Virtusa Corporation announced its new Digital Transformation Studio (DTS), a proprietary platform and approach designed to increase the delivery speed and dramatically reduce the costs of business critical digital transformation projects.

DTS was designed to mitigate many of the typical issues plaguing traditional digital transformation efforts, while enabling a 30% overall productivity improvement.

DTS allows Virtusa teams to set specific performance goals with each client focused on areas including reducing technical debt, improving time to market, or reducing costs.

DTS includes three key components:

- Engineering Tools that drive SDLC automation to improve quality, enable speed, and increase productivity.

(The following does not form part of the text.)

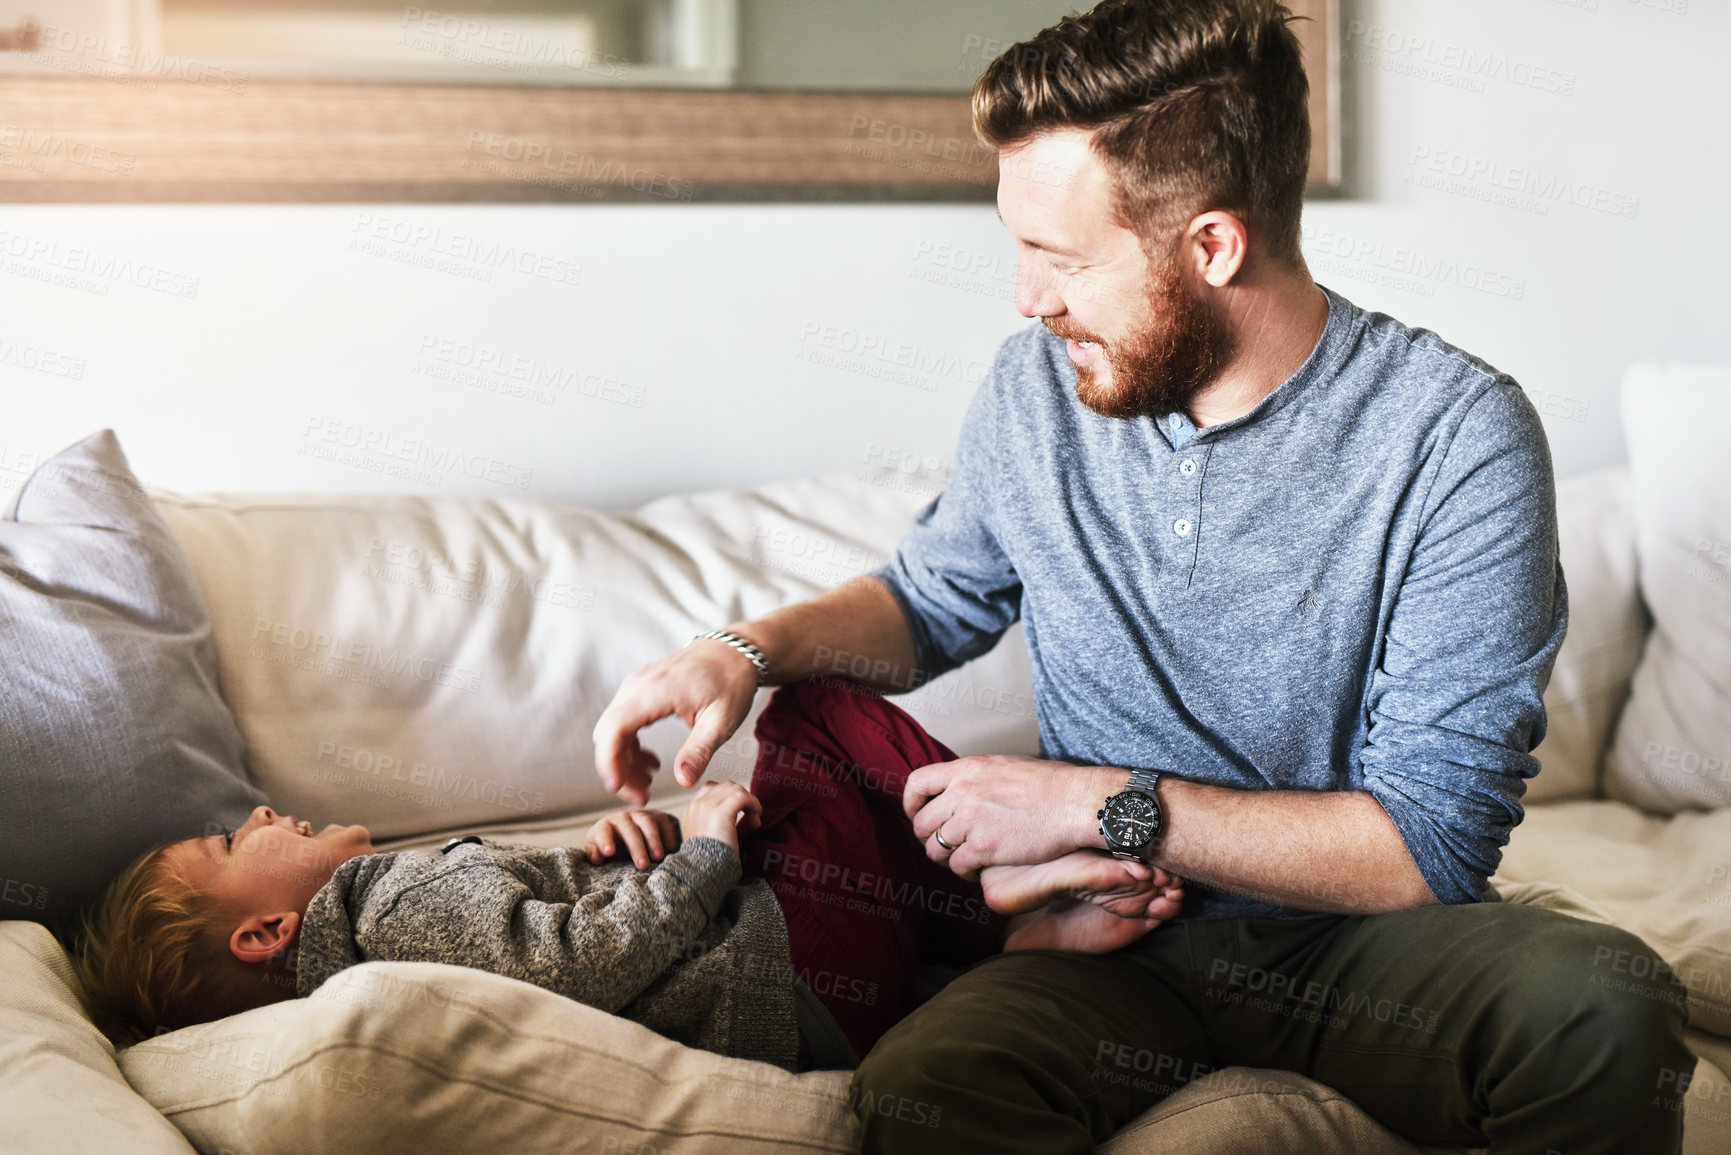 Buy stock photo Shot of a cheerful young man tickling his little boy while they hang out on the sofa at home during the day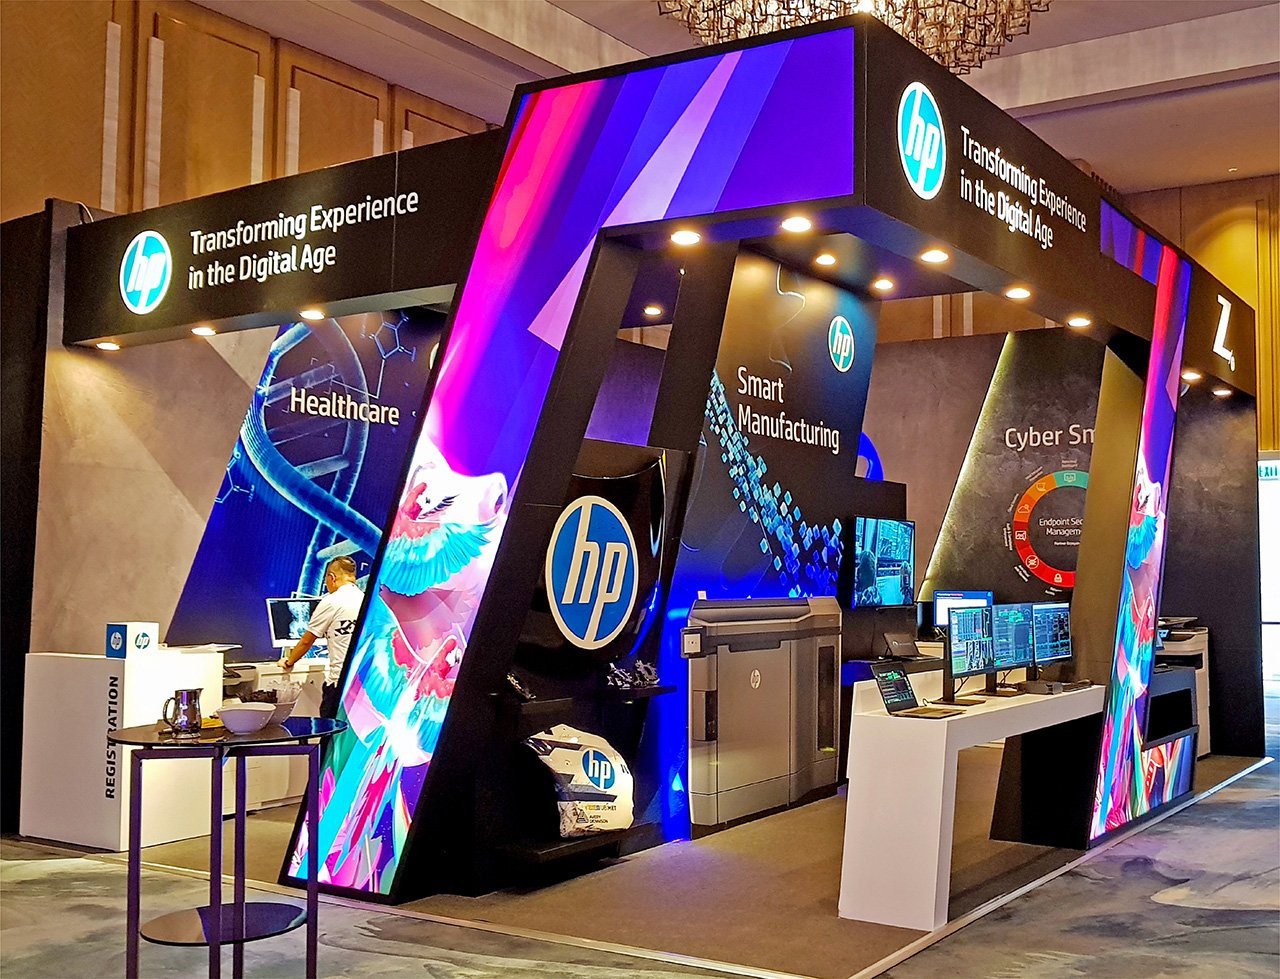 Creative design of exhibition booth to attract visitors and showcase new products and solutions

These include Smart Application Lifecycle Management tools to improve user stories and provide a story point estimation model; proprietary Gamified Dashboards to promote transparency, quality, and productivity metrics; and end-to-end CI/CD pipeline that automates code quality review, testing, and release management.

- Reusable Industry Assets collected and improved through Virtusa’s Open Innovation Platform that strives for a near-zero approach to coding. These include AI Model Zoo and Data Lake with over thirty pre-trained AI/ML models trained on synthetic datasets with 10MM customers, and 500MM transactions; Cloud Native Middleware with prebuilt microservices, boilerplate code generators, and multiple legacy system connectors; and API Lifecycle Toolkits to manage onboarding, QoS, security, distributed tracing, and logging of deployed services.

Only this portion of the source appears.